I think of how hard it is to cultivate peace within. We stir up around this, and then, that. What is it to settle into the deep inner flame of peace?
We've been enjoying a fire each night. I sit and watch the flames, light candles to reinforce the power of fire, fire large or small.
Tenderness lives inside me these days, tender nibbles of wanting to understand and then knowing I have to let that wanting go, and just be, like flakes of snow that may melt, or gather together in strength. We made snowmen when I was a child, and sometimes, a snow fort. We'd toss snowballs back and forth. We had our teams, those inside the fort, and those out. I think of that now, wanting a world that doesn't need forts, and yet, a raccoon keeps making its ways inside our downstairs, tearing apart each barrier I erect. Do I accept, or become a little more cunning in saying that the inside of my house is for those I choose, including my cats, which does not mean Mr. or Mrs.

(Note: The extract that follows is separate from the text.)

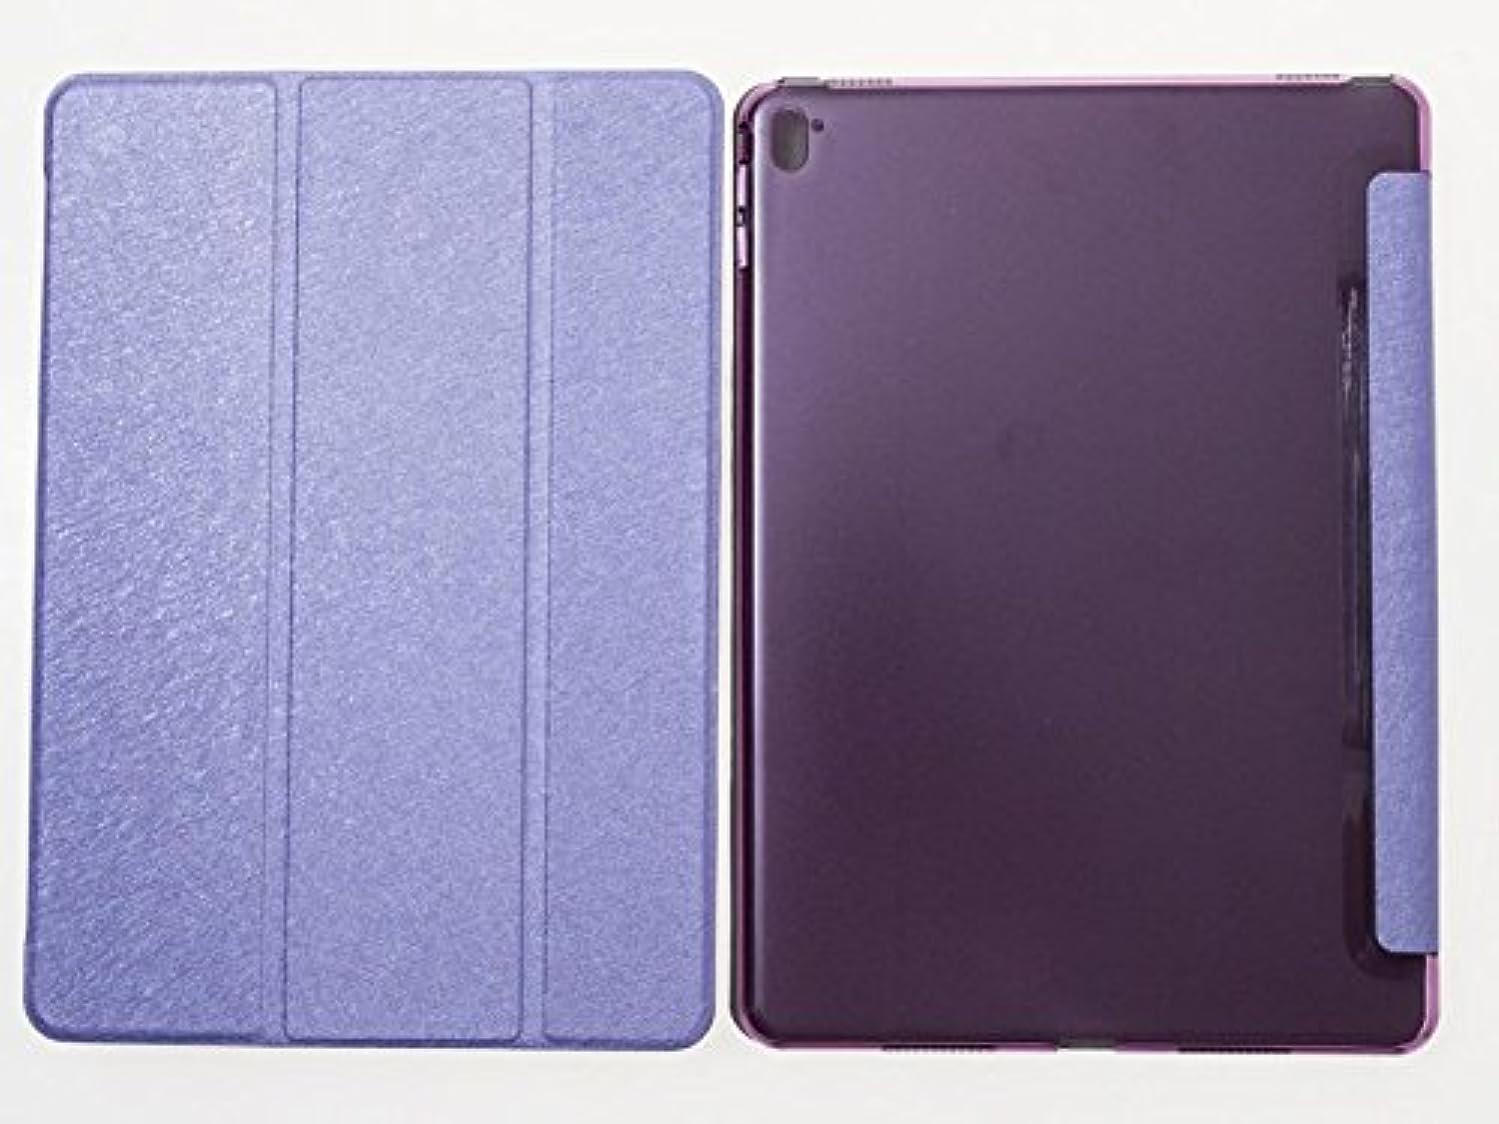 シャーロックホームズ珍味登山家Apple iPad Pro 9.7用 シルク調 PUレザー 三つ折り 手帳式 カバー スタンドケース#パープル

Raccoon is also welcome inside. I know the raccoon doesn't understand since doors stood open in the summer, and it's clear he or she went in and out. Does it matter? I don't really know. All is so peaceful right now, so quiet as I look out on sun and pyracantha berries still turning to ripe.
We saw the movie Trumbo on Sunday. I recommend it. Trumbo was an inspiring man, a man to follow and admire, especially in these times when groups of people are labeled and maligned. See Trumbo, and let peace roll through your portals and entries today.
What is there to cultivate within? A place for the elements to rest, and if those elements include a raccoon, well, then, consider what it is to be cold and hungry and wear a mask.